*** Given material ***

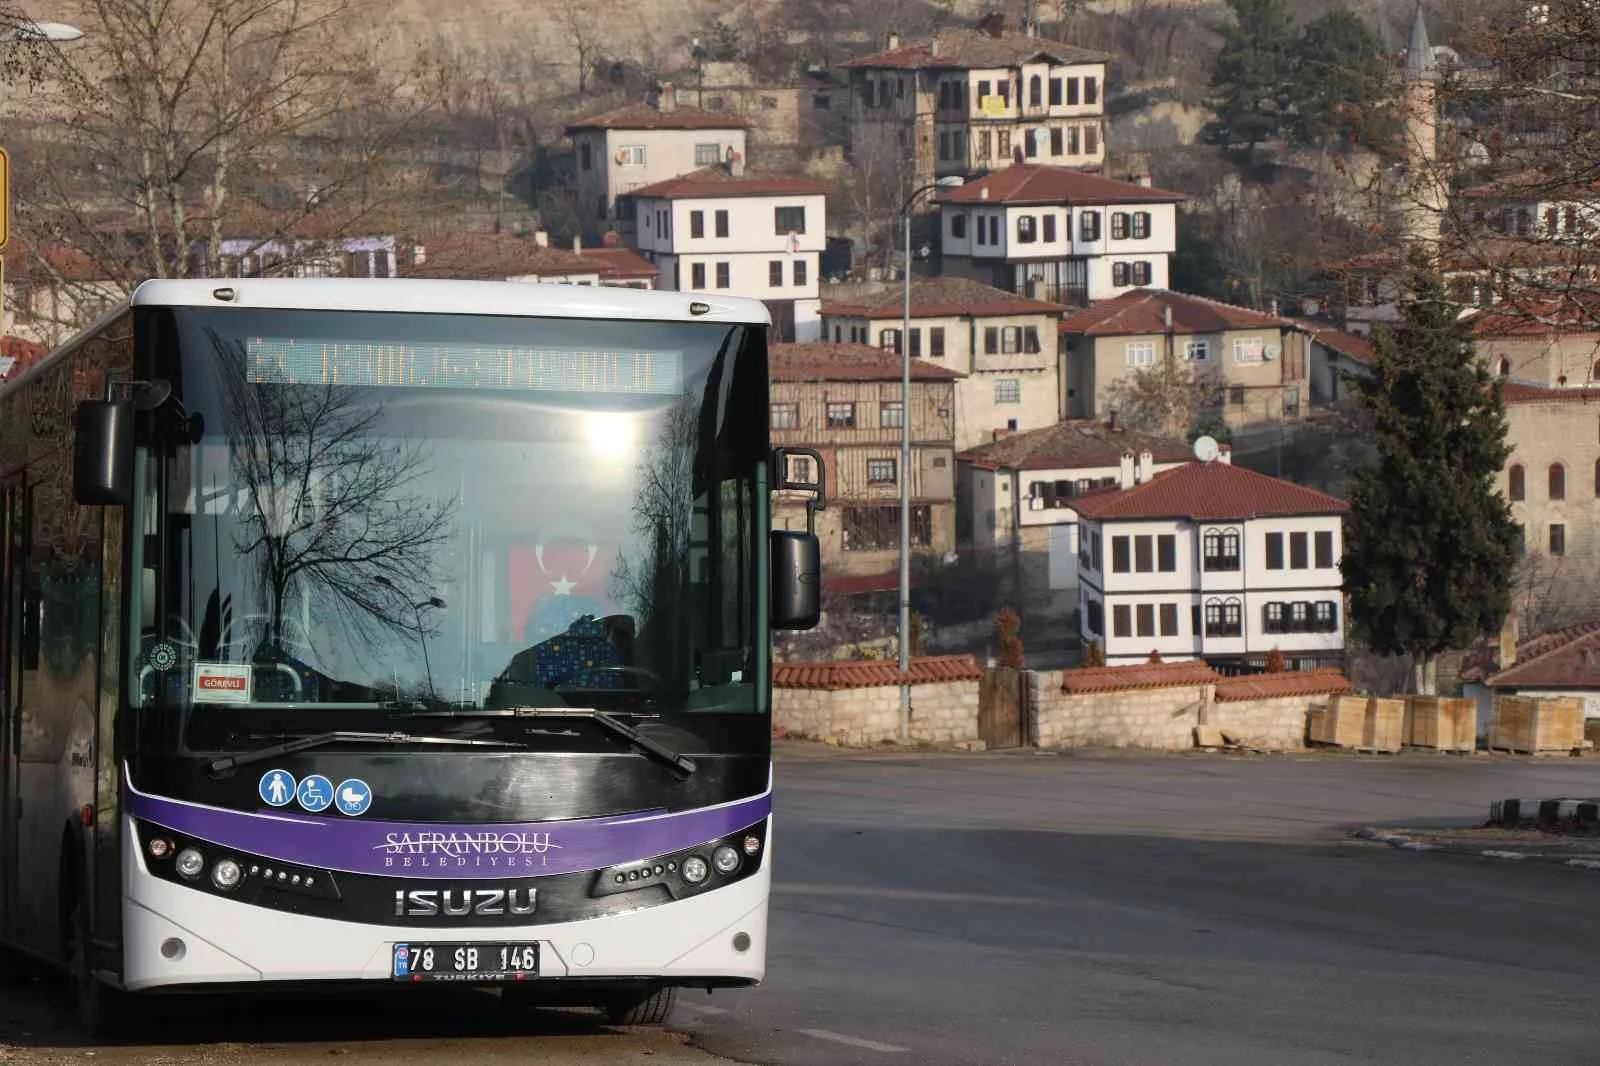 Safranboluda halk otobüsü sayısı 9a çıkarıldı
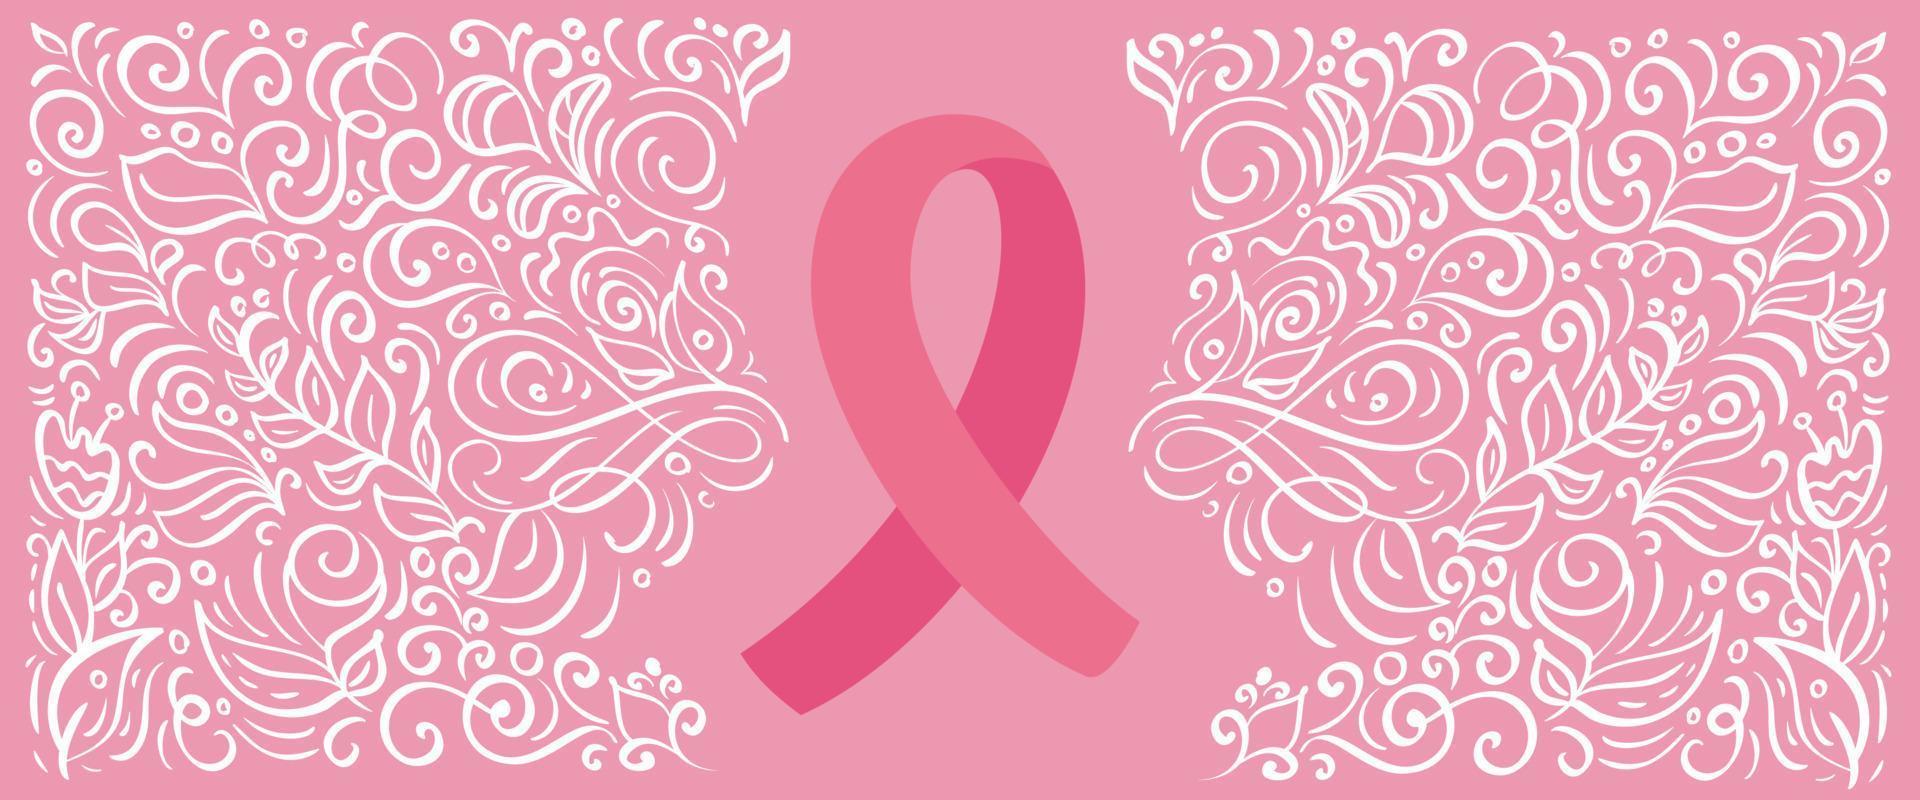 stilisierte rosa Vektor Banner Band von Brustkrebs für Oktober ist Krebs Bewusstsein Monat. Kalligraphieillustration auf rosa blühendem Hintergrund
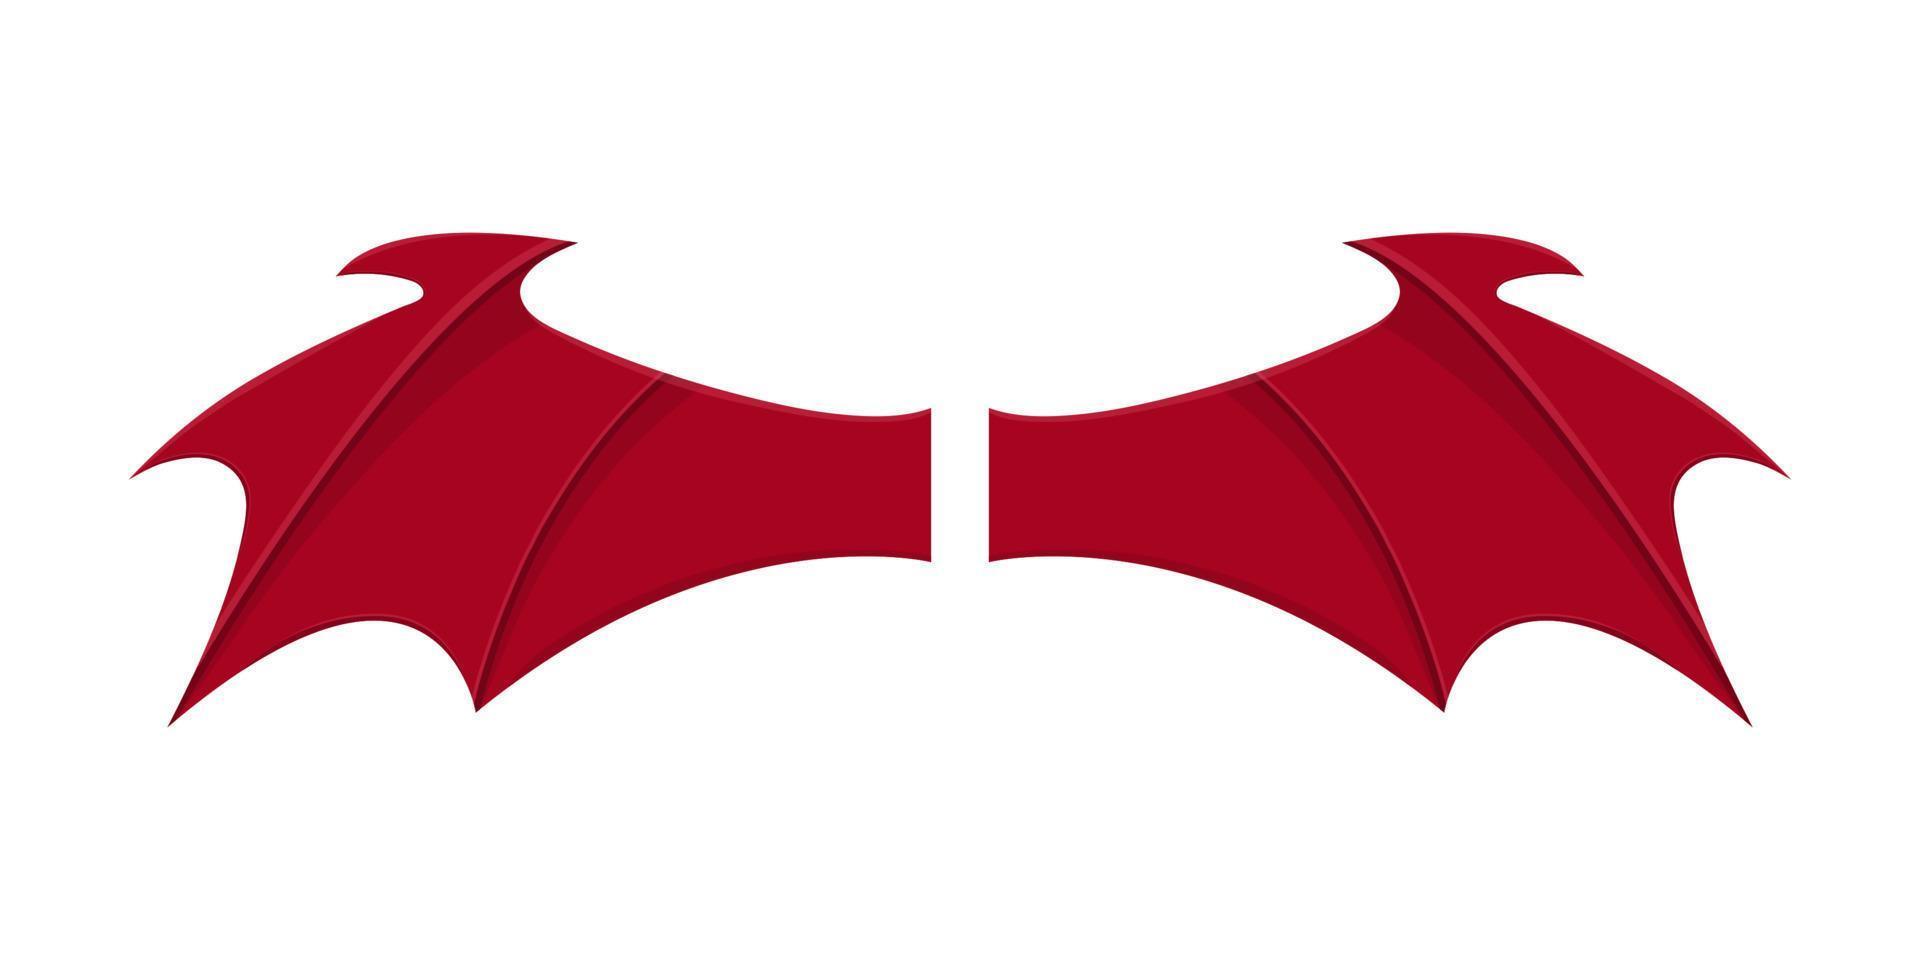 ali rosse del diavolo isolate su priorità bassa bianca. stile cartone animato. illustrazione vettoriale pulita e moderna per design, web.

*** End of Given material ***

Make an exact copy of the listing above. Do not include the pictures.

 Safranboluda halk otobüsü sayısı 9a çıkarıldı
 stilisierte rosa Vektor Banner Band von Brustkrebs für Oktober ist Krebs Bewusstsein Monat. Kalligraphieillustration auf rosa blühendem Hintergrund
 ali rosse del diavolo isolate su priorità bassa bianca. stile cartone animato. illustrazione vettoriale pulita e moderna per design, web.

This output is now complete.